French phrase of the day: Tenir la chandelle
Photo: Annie Spratt/Unsplash/Nicolas Raymond
If a friend asks you to 'hold the candle' in France, you should read this before accepting.

Why do I need to know tenir la chandelle?

Because once you know its backstory, this expression is absolutely canny.

What does it mean?

Tenir la chandelle means 'to hold the candle', which is the French metaphor for 'third wheeling'.

It's for romantic settings only, that awkward situation of being the person having to watch two others really hitting it off and being eager to make oneself scarce as the first opportunity.

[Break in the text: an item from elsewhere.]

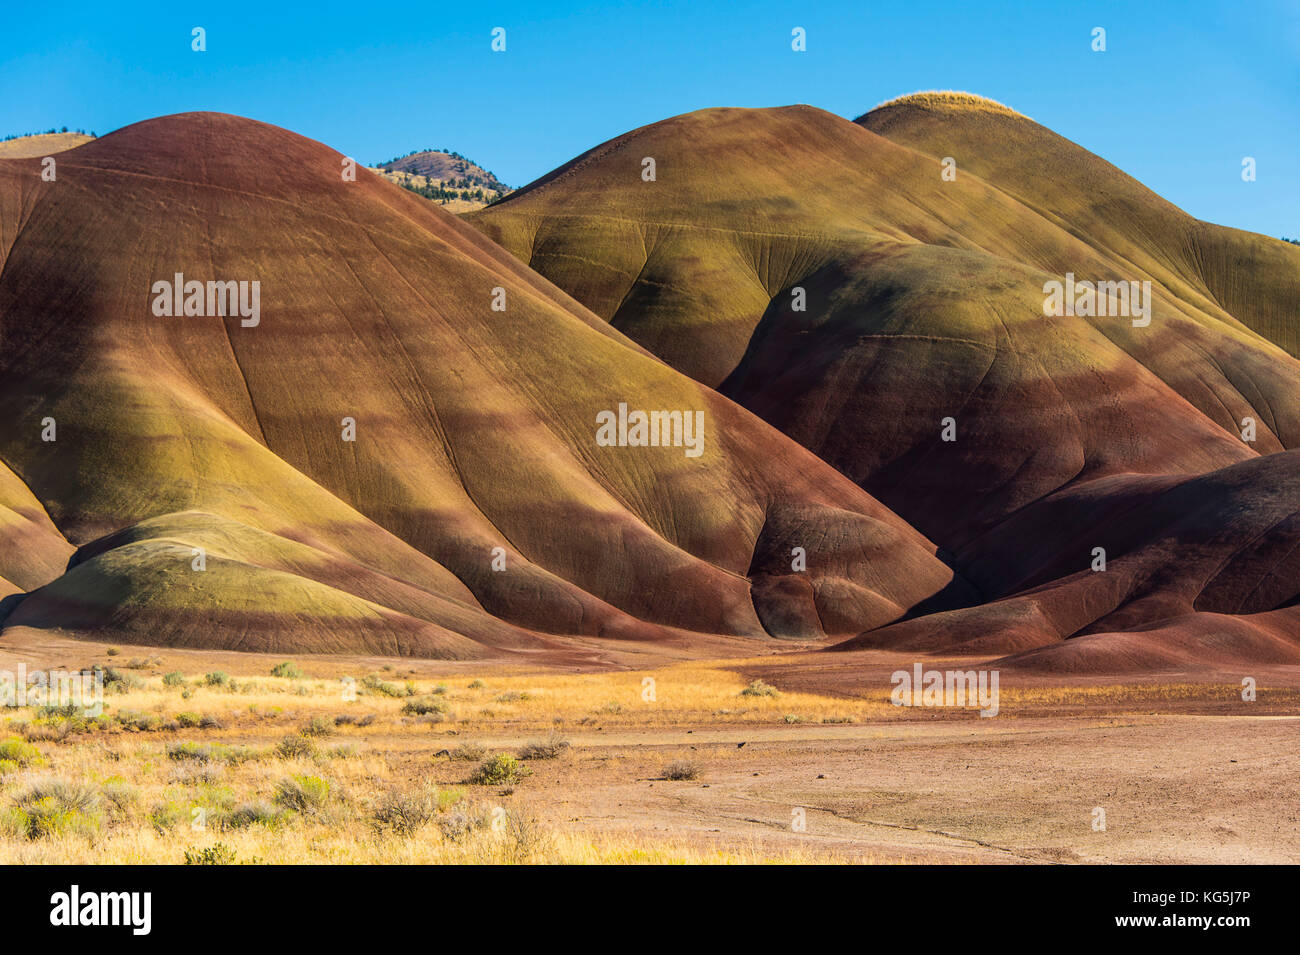 Multicoloured stratas in the Painted hills unit in the John Day fossil beds National Monument, Oregon, USA Stock Photo

Tenir la chandelle implies feeling superfluous, even unwanted –  what in English is sometimes known as 'feeling like a gooseberry'.


While not instinctively obvious, tenir la chandelle is actually a pretty logical expression once you know its origins.

Back in the day, before electricity and lightbulbs revolutionised how we live, you needed candles to see at night. 

Holding the candle during romantic dinners was therefore a tedious task pushed onto valets or servants who turned their backs to the couple so as not to disturb, which must have been excruciatingly awkward at times.

Use it like this

C'est la dernère fois que je tiens la chandelle toute la soirée. – That's the last time I'm playing gooseberry all night.

Si tu ne viens pas alors moi non plus, je n'ai pas envie de tenir la chandelle toute la journée. – If you're not going I don't want to come either, I don't want to be a third wheel all night.

Ce qui est cool avec eux, c'est que je n'ai jamais l'impression de tenir la chandelle quand on sort tous les trois. – What's cool about them is that I never feel like I'm third wheeling when we go out all three of us.